Он сидел перед Потаповым тихий и решительный. Он действительно не боялся. Просто нечем его уже было запугать.
– Ты знаешь, сколько я тогда наплел на себя? – усмехнулся он. – Страшно вспомнить даже! Да все, что он мне подсунул, то я и подмахнул. Говорит: «Вот что на тебя товарищи показывают: слушай, зачитаю». И зачел, прохвост! Все нераскрытые паскудства, что накопились за лето в нашем районе, он все их на меня списал. Где какой пьяный ни начудил, все это я сделал. И все не просто, а с целью агитации. И флаг я сдернул, и рога какому-то там пририсовал, и витрину ударников разбил, все я, я, я! А он сочувствует: «Ну, теперь видишь, что на тебя твои лучшие дружки показали. Ведь они с головой зарыли тебя, гады. Так слушай моего доброго совета, дурья твоя голова: разоружайся! Вставай на колени, пока не поздно, и кайся. Пиши: виноват во всем, но все осознал и клянусь, что больше этого не повторится. Тогда еще свободу увидишь. Советская власть не такое прощала. А нет – так нет, от девяти грамм свинца республика не обеднеет. Если враг не сдается – то его уничтожают. Знаешь, чьи это слова?» Вот больше от этих слов я и подписал все.
– И ты ничего этого?.. – спросил недоуменно Потапов.
– Господи! Да я и близко в тех местах не был. Меня летом вообще в Москве не было.
– Но как же так ты все-таки поверил? Дружков своих ты знал…
– А как же я мог не поверить? – засмеялся Корнилов. – Никак я не мог не поверить. Ведь он же следователь, а я арестант, преступник. Так как же следователь может врать арестанту? Это арестант врет следователю, а тот его ловит, уличает, к стенке прижимает. Вот как я думал. А если все станет кверх ногами, тогда что будет? Тогда и от государства-то ничего не останется! И как следователь может так бандитствовать у всех на глазах днем, при прокуроре, при машинистках, при товарищах? Они же заходят, уходят, все видят, все слышат. Нет, нет, никак это мне в голову прийти не могло. Я так и думал: действительно меня оклеветали, и я пропал. Вот единственный добрый человек – следователь. Надо его слушать. А что он на меня кричит, это же понятно: и он мне тоже не верит, слишком уж всё против меня. – Он вздохнул. – Беда моя в том, Иван Семенович, что у меня отец был юристом и после него осталось два шкафа книг о праве, а я их, дурак, все перечитал. Но ничего! На этого прохвоста я не в обиде! Научил он меня на всю жисть. Спасибо ему.

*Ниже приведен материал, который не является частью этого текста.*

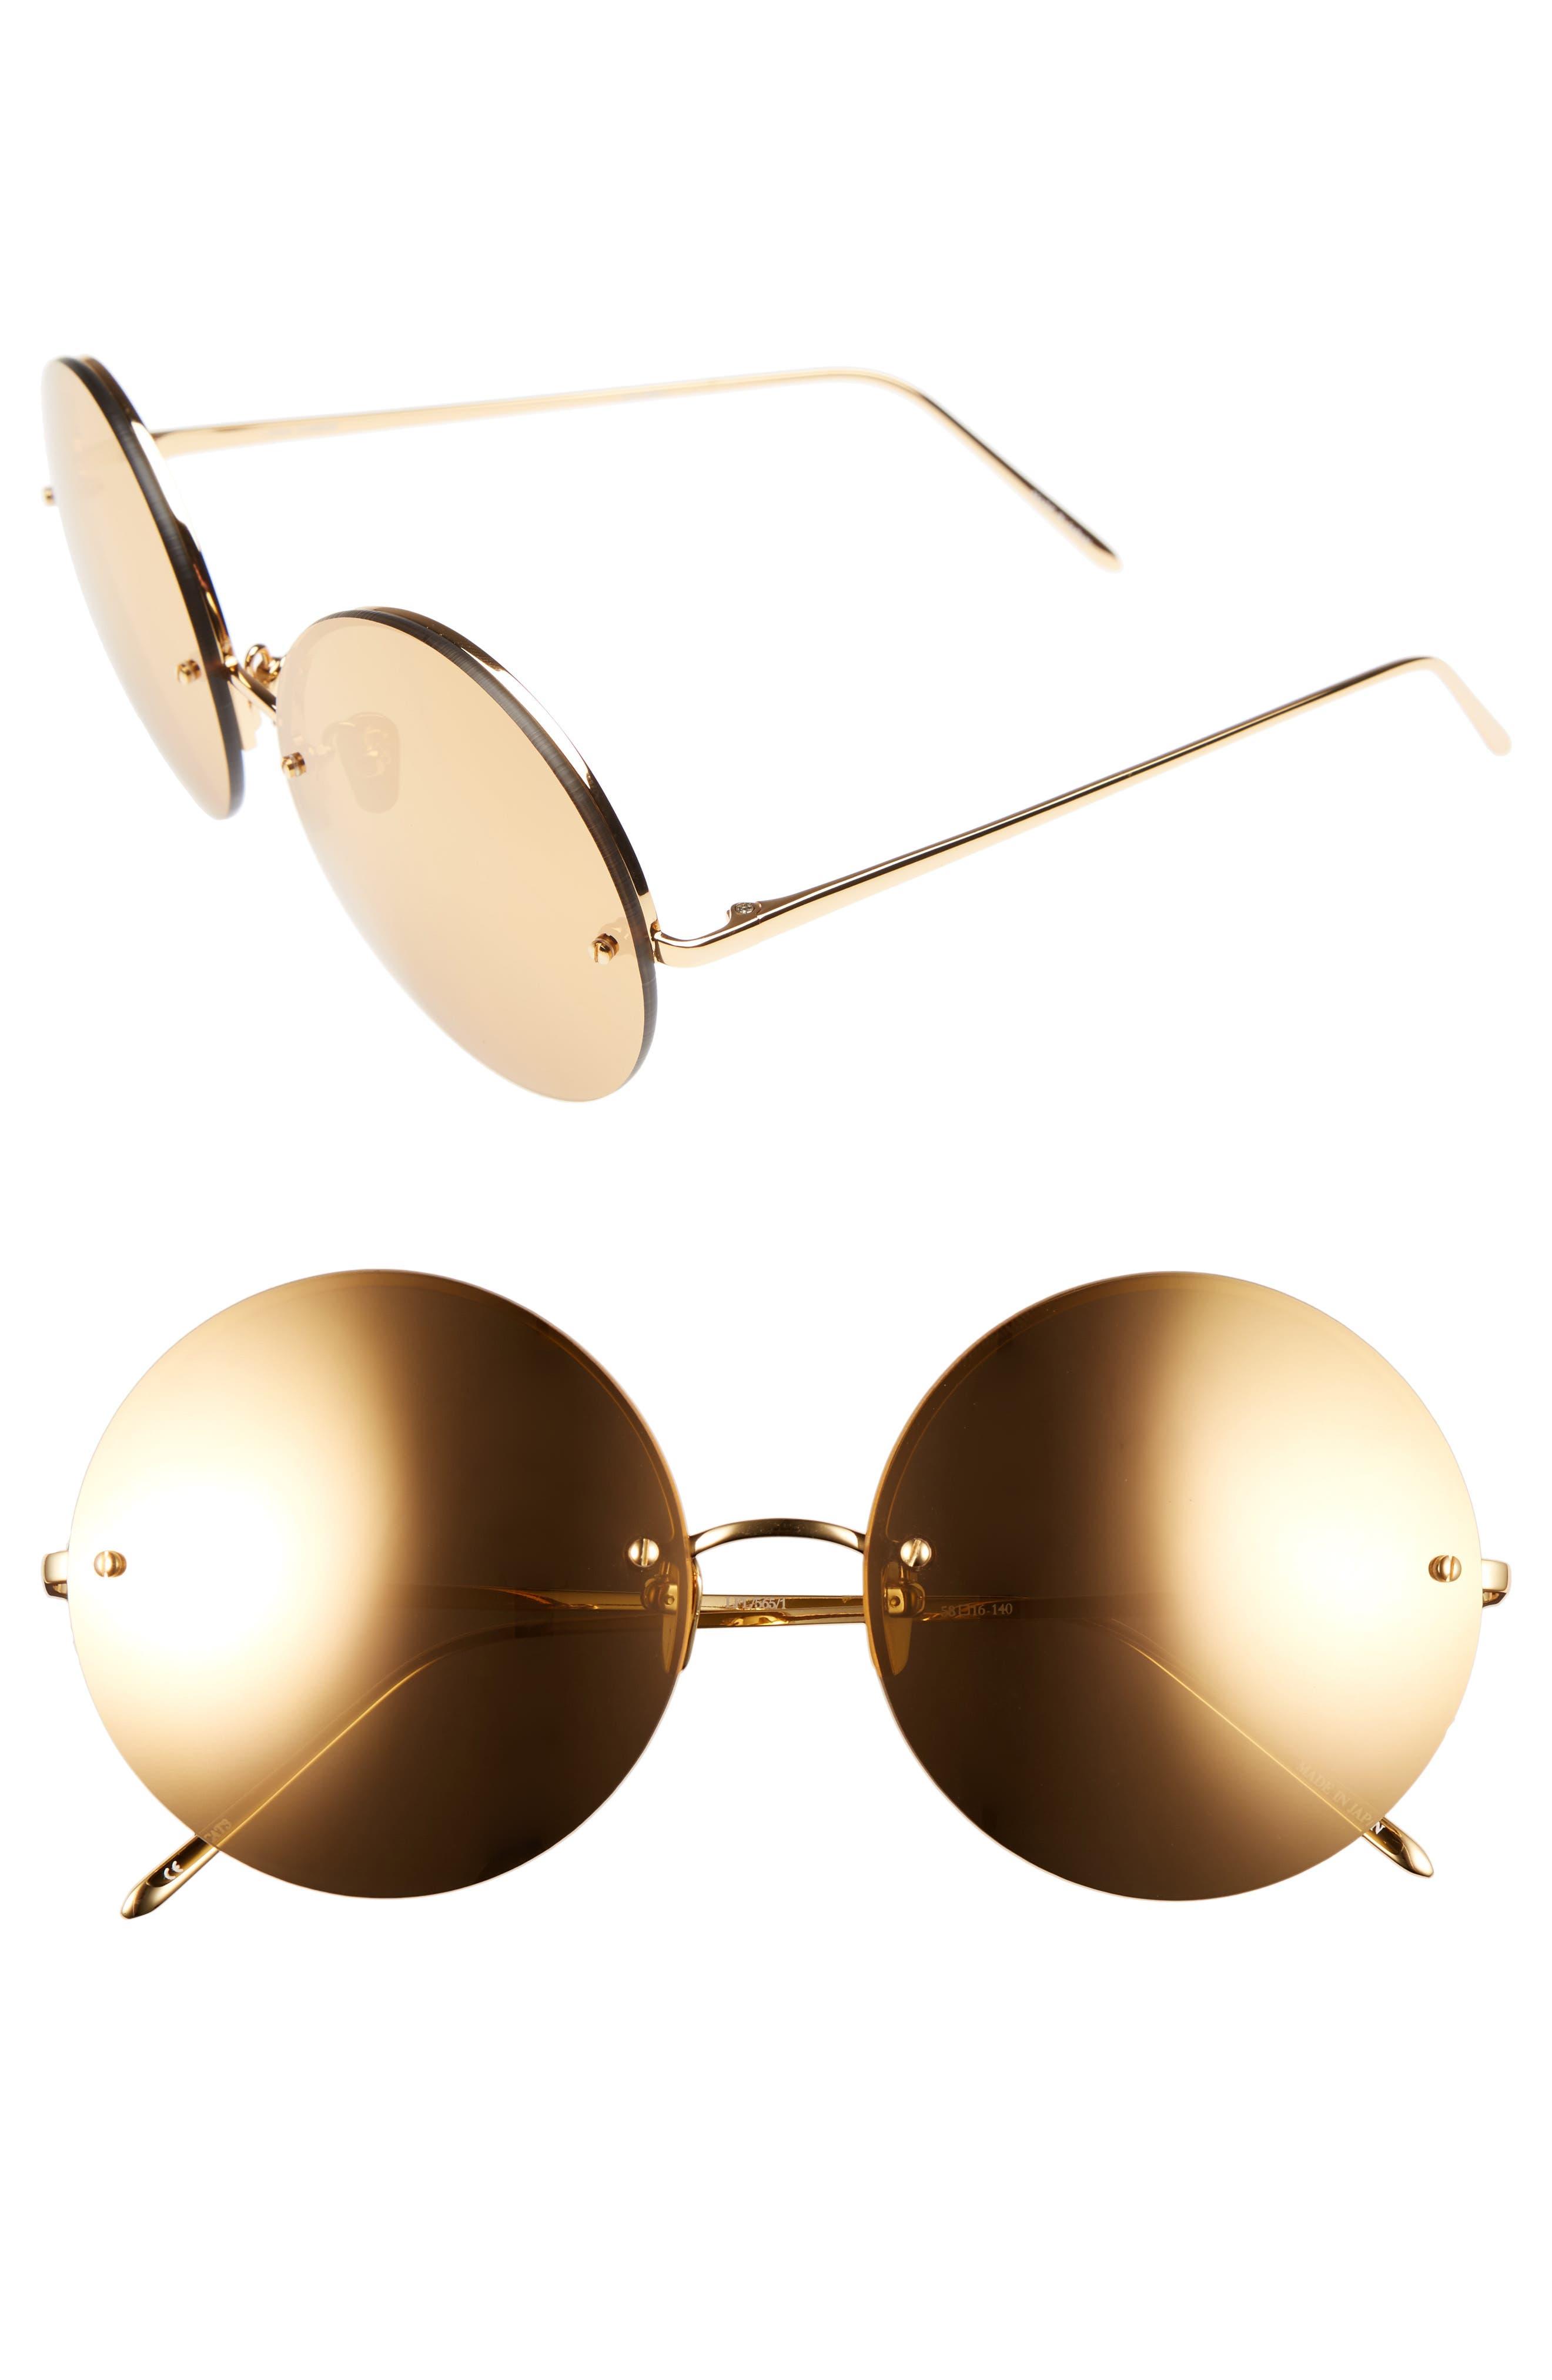 58mm 22 Karat Gold Trim Rimless Round Sunglasses,                         Main,                         color,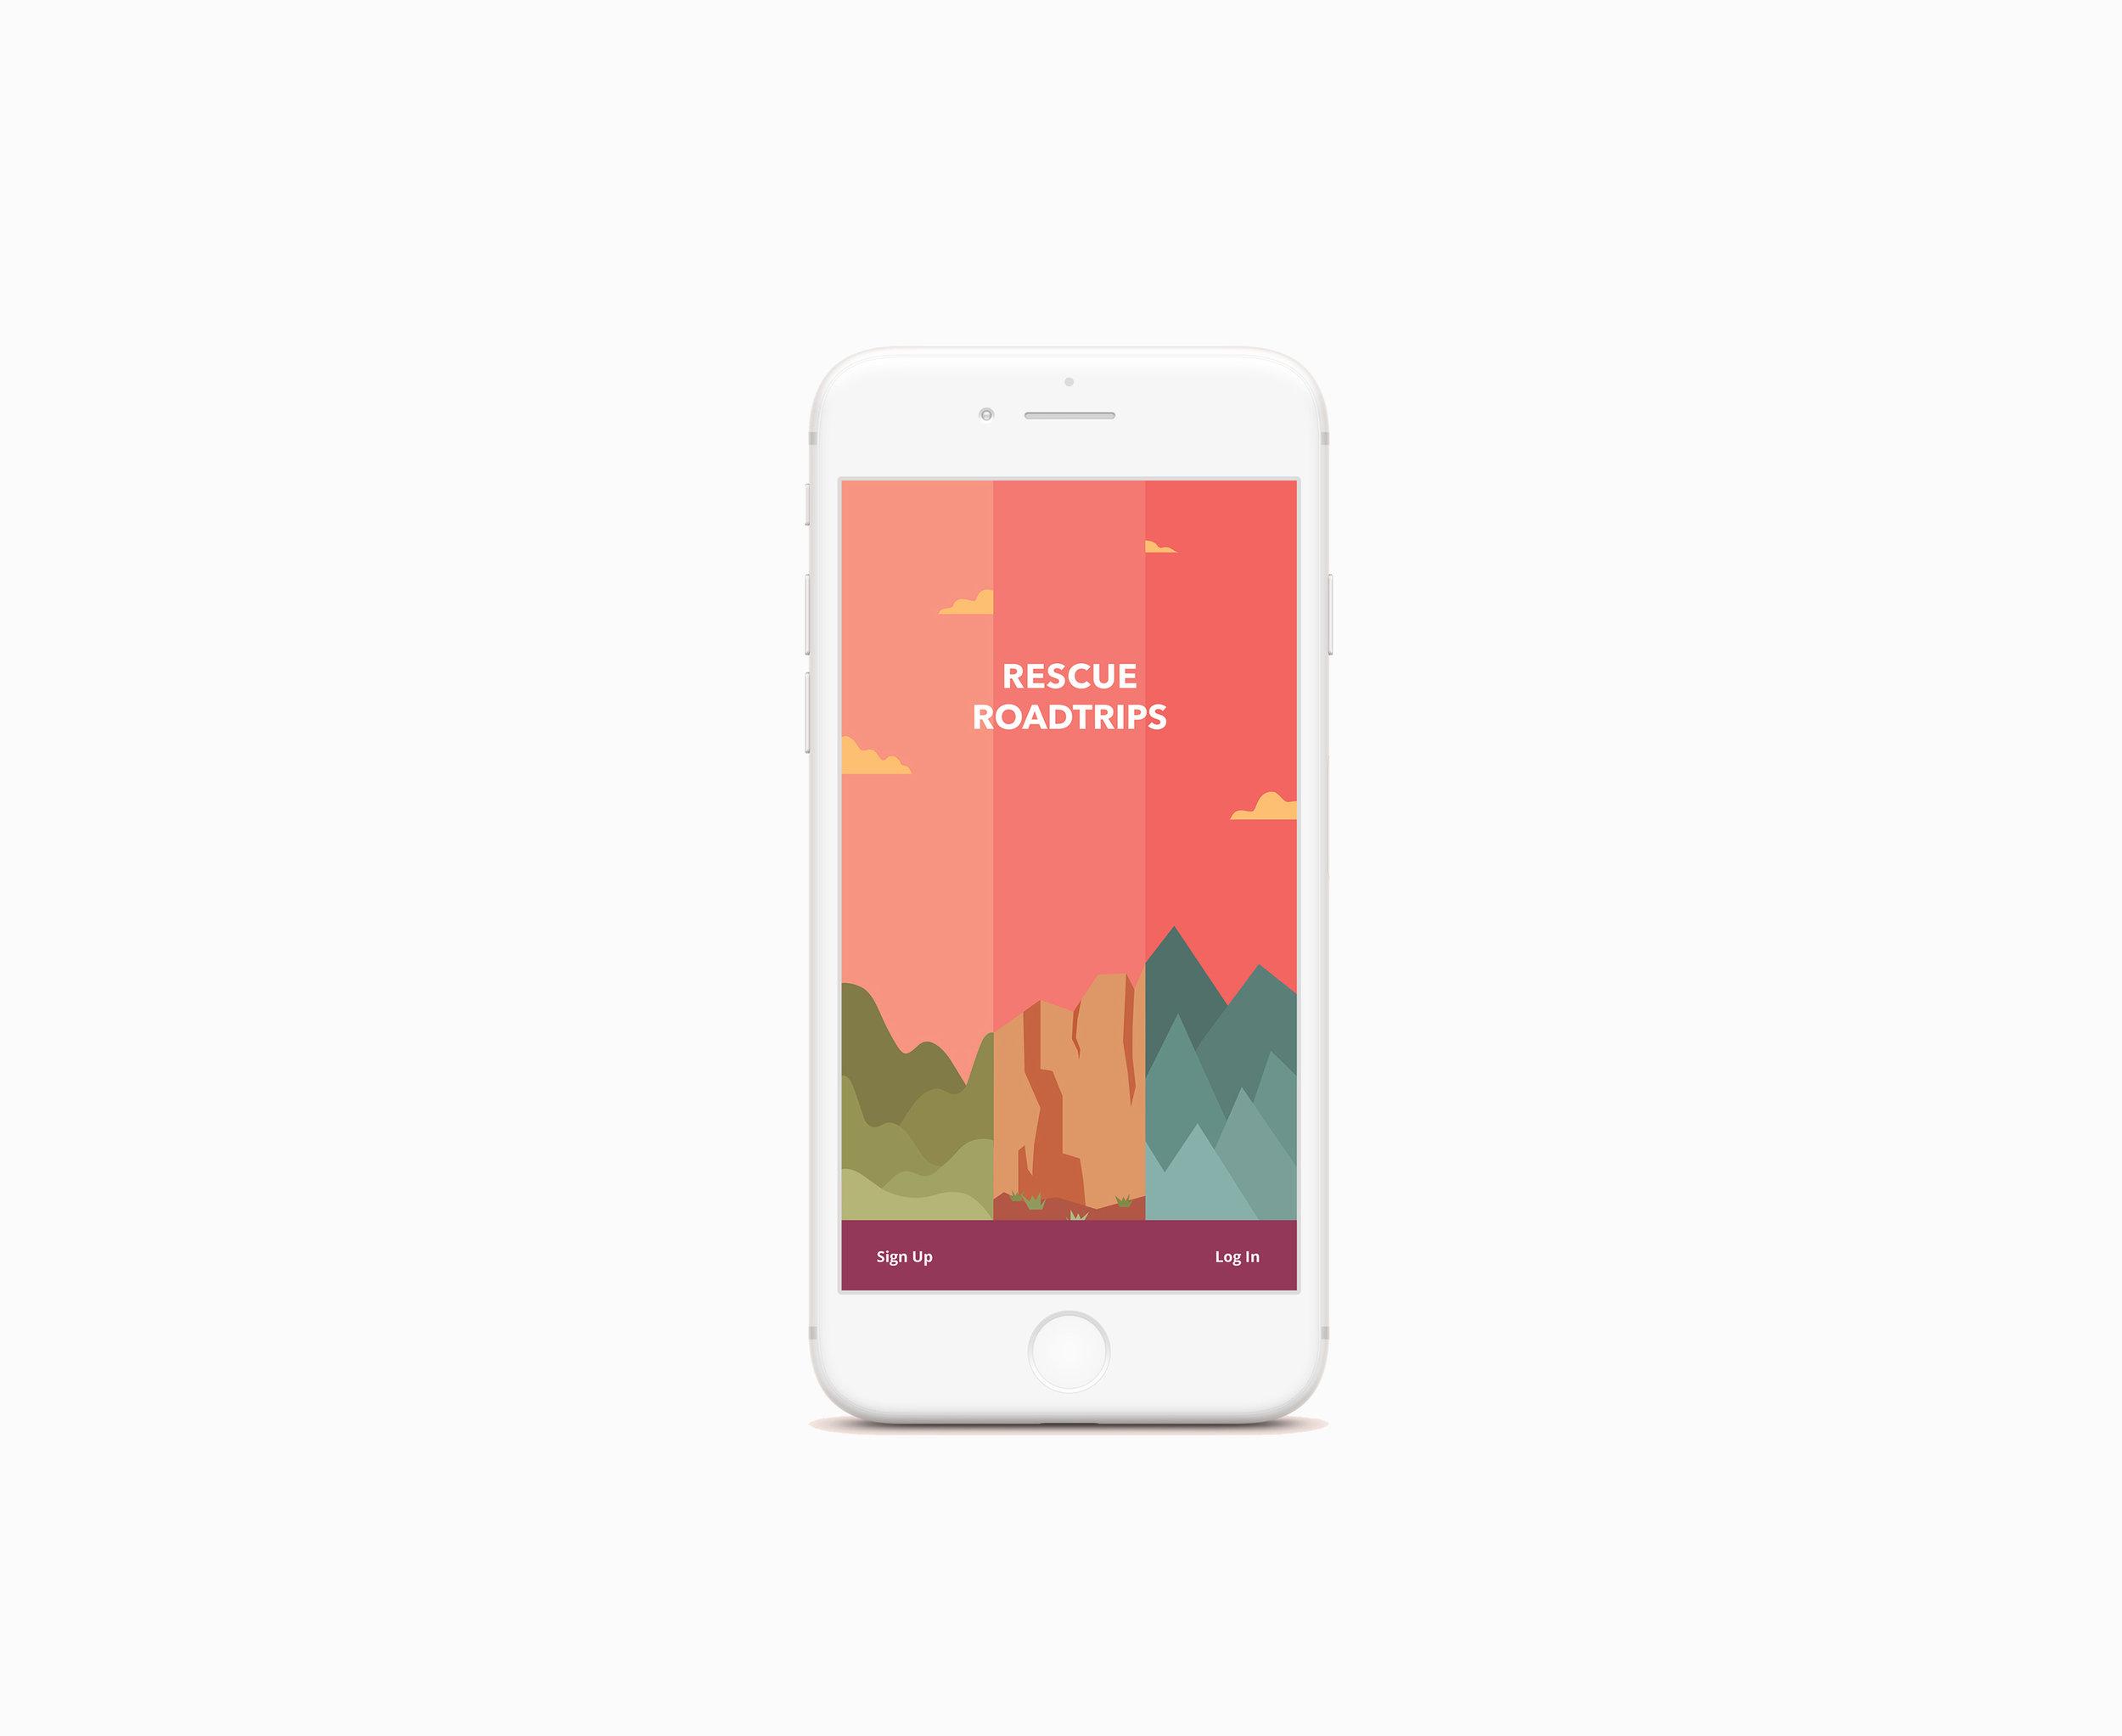 01_feature(horizontal).jpg

– Да, – сказал Потапов задумчиво. – Да! Научил! А вот: «Если враг не сдается…» – это Максим Горький сказал?
– Горький!
Потапов вздохнул.
– Острые слова! Когда Агафья, жена Петра, ходила к следователю, он их первым делом высказал. И в школе Дашутку тоже на комсомольском собрании этими словами уличали. Да, да, Горький! Ну, значит, знал, что говорит, а?
– Знал, конечно.
– Да! Да! Знал!
Потапов еще посидел, подумал и вдруг быстро встал.
– Постой, там ровно кто ходит. – И вышел на улицу. – Это ты тут? – услышал Корнилов его голос. – Ты что тут? А вот я тебе дам курятник! Я дам тебе несушек посмотрю! А ну спать!
Он еще походил, запер ворота, потоптался в сенях, вернулся и неторопливо, солидно сел к столу. Вынул трубку, выбил о ладонь, набил и закурил.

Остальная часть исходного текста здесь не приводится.